Il Teatro di Pella, città dell’antica Grecia, è stato rinvenuto da un giovane archeologo emiliano attraverso la tecnologia ed in particolare grazie all’uso di Google Earth
Lo scopritore del Teatro di Pella, città che ha dato i natali ad uno dei condottieri più grandi di tutti i tempi, come Alessandro Magno, si chiama Paolo Storchi, ha 33 anni e vive a Reggio Emilia. L’archeologo era già diventato famoso circa un anno fa quando partecipò al noto programma di RaiUno, l’Eredità, vincendo una somma di 10 mila euro: una parte del premio venne da lui destinata ad un progetto mirante a riscoprire un’antica città dell’Emilia Romagna, di nome Tannetum, fondata dai Galli e successivamente conquistata dai Romani
Un sito raccontato dalle fonti e cercato dai viaggiatori del Settecento
Pur dedicandosi alle sue indagini in Emilia, Storchi ha condotto in parallelo ulteriori studi, in particolare sul mondo greco e sulla famosa città di Pella nella quale nacque Alessandro Magno. Le fonti antiche riferiscono che qui esisteva un teatro nel quale il tragediografo Euripide avrebbe messo in scena l’ultima delle sue opere. A confermare l’importanza di Pella nella storia, vi sono poi i resoconti dei viaggiatori del Grand Tour nel Settecento i quali cercarono invano il sito su cui sorgeva l’edificio scenico. Secondo Storchi, il loro errore fu di considerarne sempre la collocazione nelle immediate vicinanze della reggia. Magari, a suo avviso, se questi giovani rampolli aristocratici avessero avuto a disposizione uno strumento di esplorazione come Google Earth sarebbero giunti sicuramente a conclusioni diverse e soprattutto più vicine alla verità.
Storchi e l’uso di Google Earth
Non potendo recarsi spesso in Grecia, Storchi ha dunque compiuto il suo studio topografico sul teatro di Pella ricorrendo a Google Earth. Grazie a questa utilissima applicazione, l’archeologo ha potuto individuare la mole dell’edificio scenico mediante le fotografie satellitari riguardanti l’area in cui sorgeva l’antica città, procedendo ad un confronto tra immagini scattate più recentemente ed altre invece più vecchie.
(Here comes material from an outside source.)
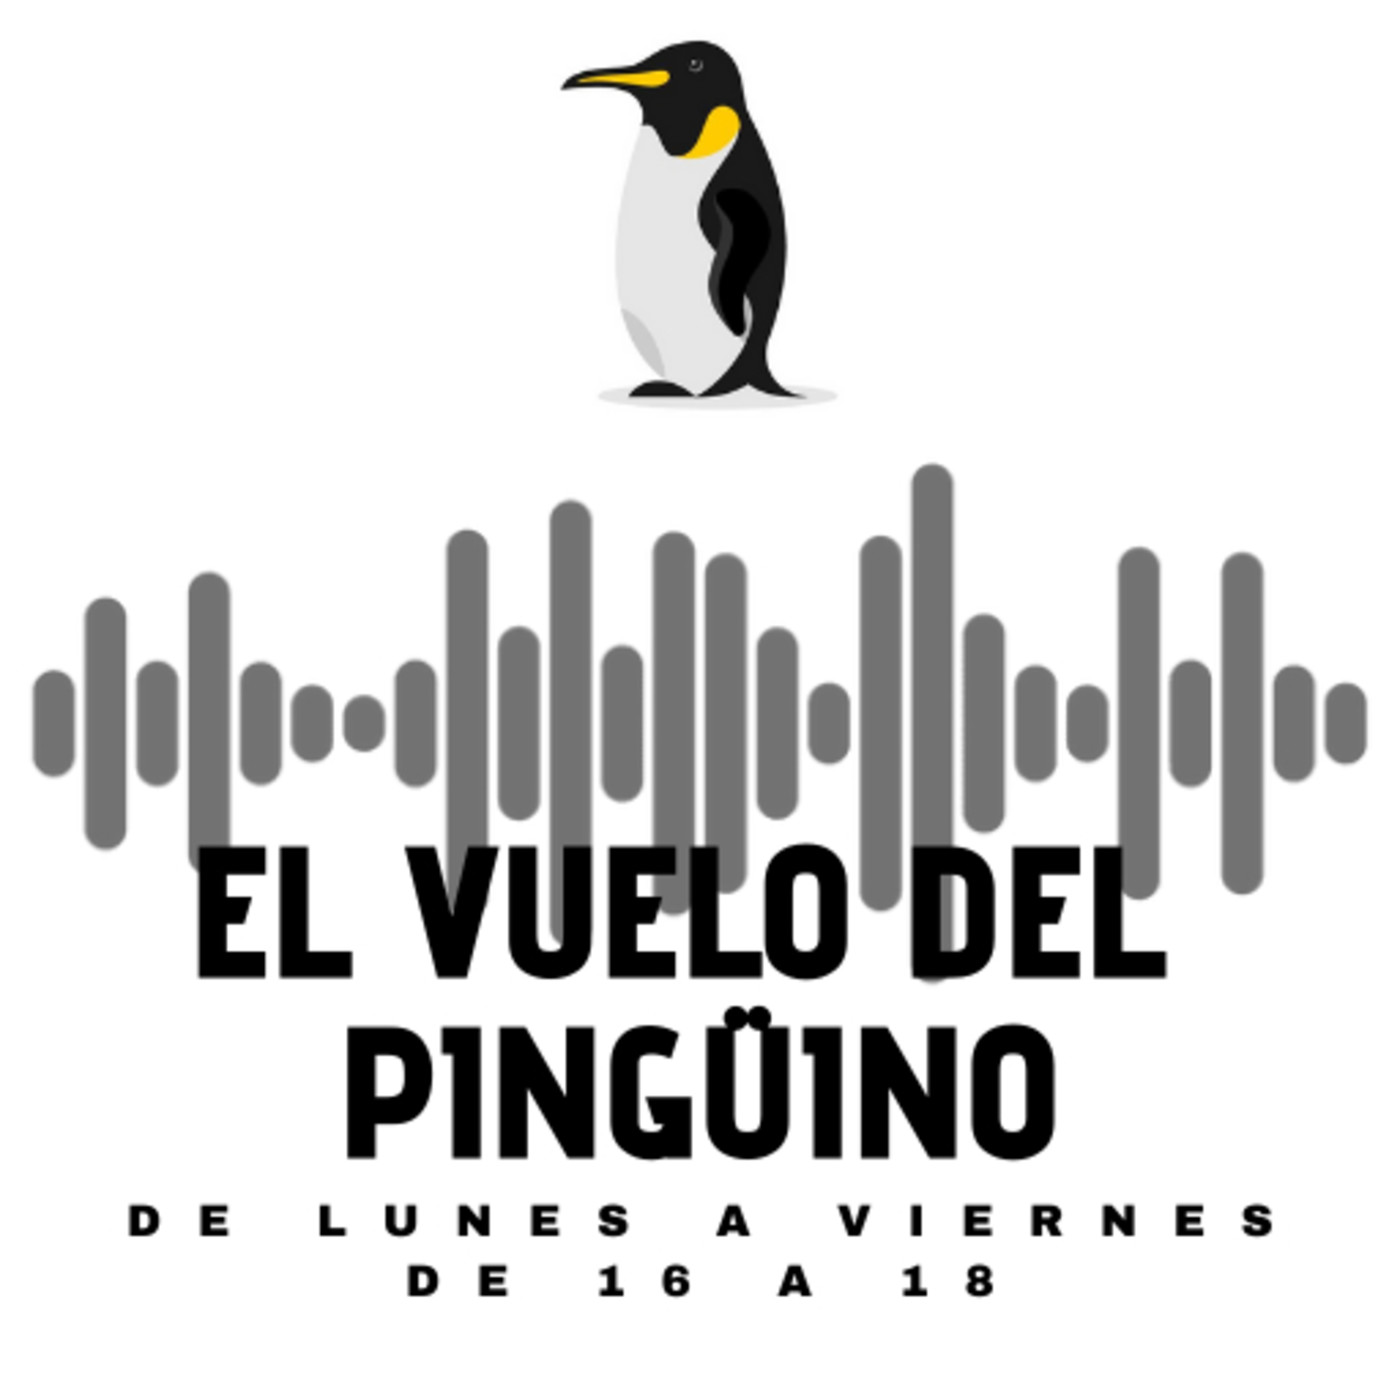 El vuelo del Pingüino - Jueves cultural: Cine, música y pintura - 06-05-2021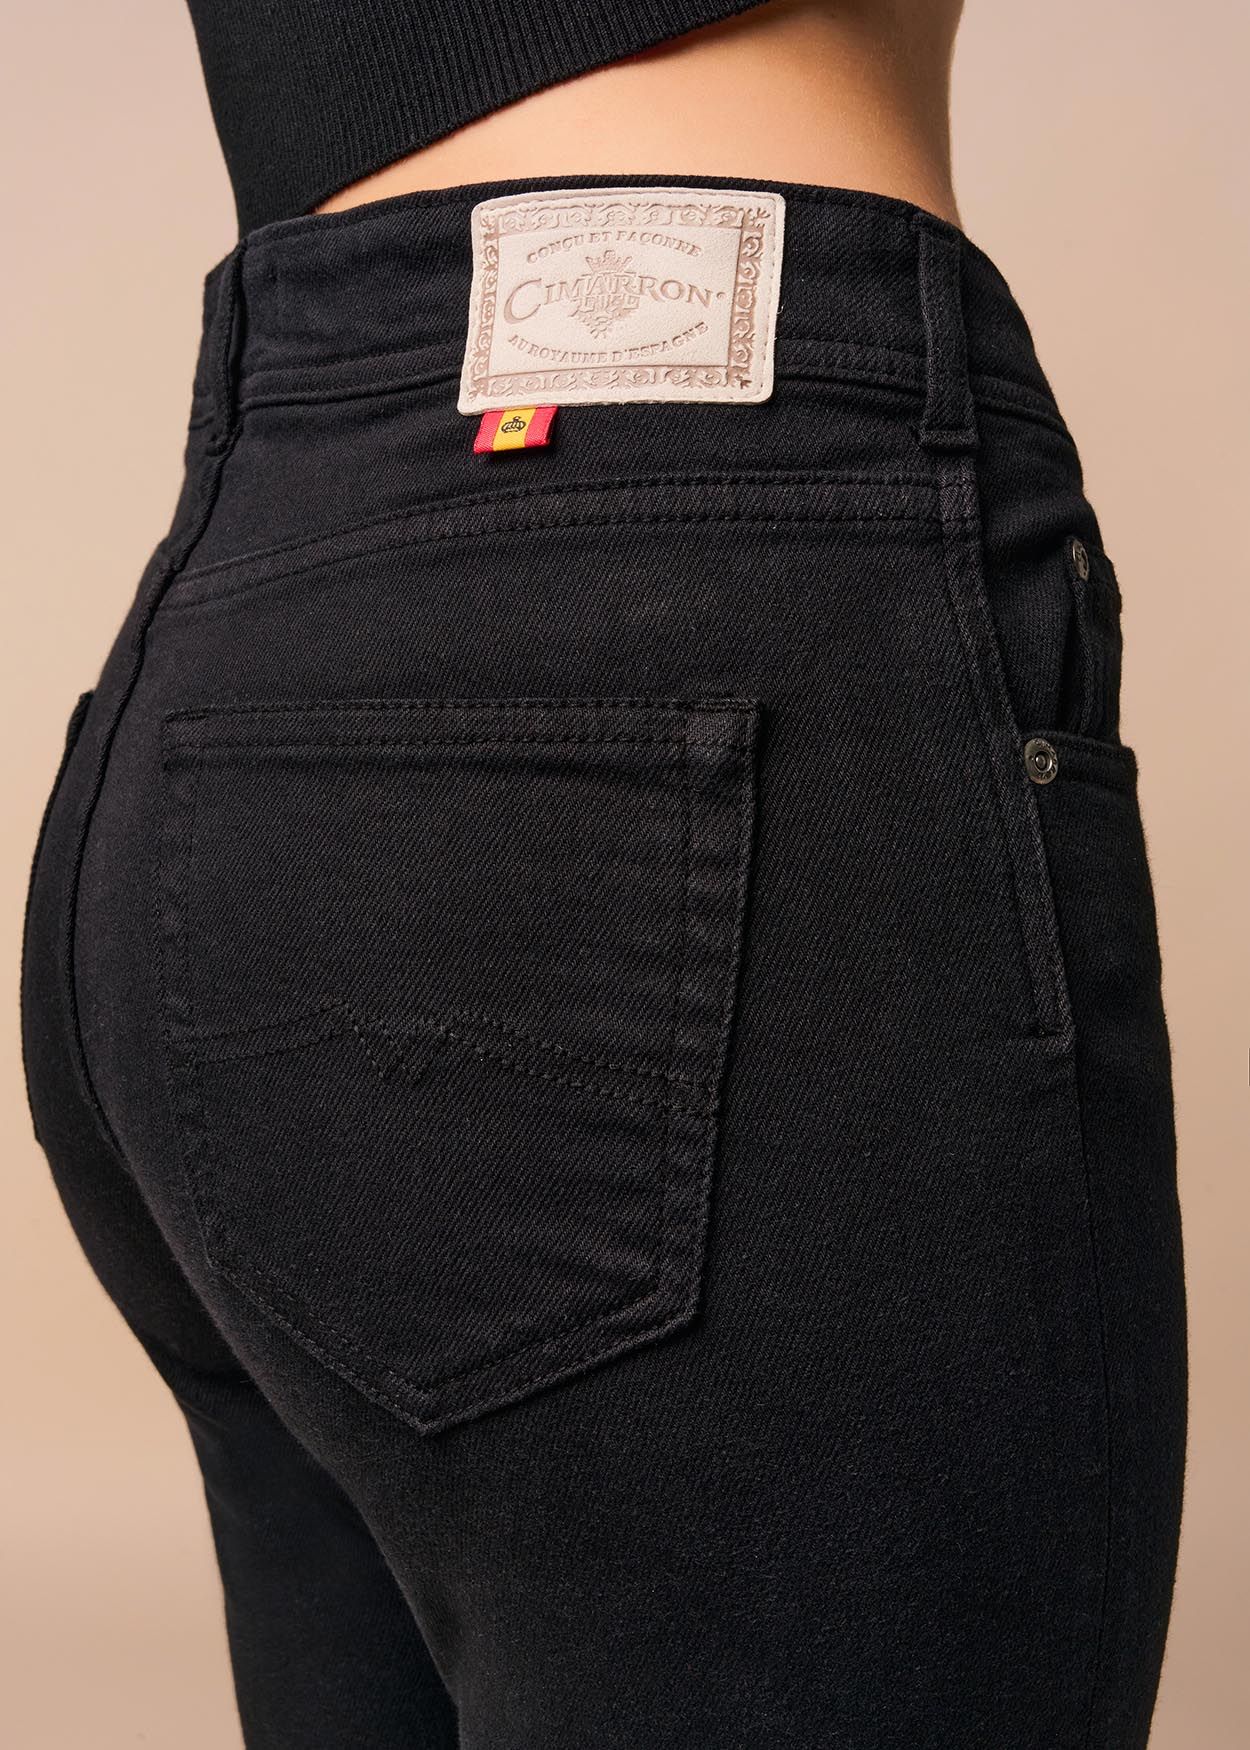 NOUFLORE BEATRICE - Jeans | Slim Fit - Taille Moyenne | Taille en pouces Cimarron

La copertura vegetazionale, infatti, non essendo sempre la stessa nel corso del tempo, può offrire una maggiore o minore visibilità delle eventuali strutture nascoste.
Va sottolineato, inoltre, come lo stesso Storchi, nell’ambito del progetto di ricerca su Tannetum, avesse individuato anche qui un teatro attraverso Google Earth e l’opzione “cronologia” inerente alle foto dall’alto. Il dato, inizialmente ipotetico, è stato poi suffragato dalle ricerche sul campo, le quali, è bene ribadirlo, sono sempre necessarie per confermare ogni tesi, anche quando questa possa sembrare la più veritiera possibile. Nel caso del teatro di Pella, che doveva essere lungo circa 120 metri e profondo 80, Storchi intende procedere allo stesso modo: dopo averne individuato la possibile collocazione non sulla collina su cui insisteva la reggia ma su un’altra situata in direzione opposta, l’archeologo procederà quanto prima ad effettuare saggi esplorativi sul terreno.
L’apporto delle nuove tecnologie riconosciuto dal mondo accademico
Nel frattempo Storchi ha anche in questo caso ricevuto numerosi consensi dal mondo accademico ed il fatto che la sua ricerca sul teatro di Pella sarà pubblicata nel prossimo numero della rivista della Scuola Archeologica Italiana di Atene ne è una chiara dimostrazione. Da questa vicenda trova dunque ulteriore conferma il grande apporto che la tecnologia può dare nella conduzione di esplorazioni archeologiche. Al giorno d’oggi, oltre al notevole contributo fornito da Google Earth, gli studiosi possono avvalersi di droni, GPS e magnetometri, strumenti, questi ultimi, molto importanti per rilevare l’eventuale presenza di grossi manufatti, strutture difensive, fossati e strade. Proprio sul tema del rapporto tra archeologia preventiva e nuove tecnologie si sta svolgendo, oggi a Firenze, un convegno intitolato Cultural Heritage Reloaded, promosso dal Direttore del Laboratorio di Archeologia dei Paesaggi e Telerilevamento dell’Università di Siena, Stefano Campana.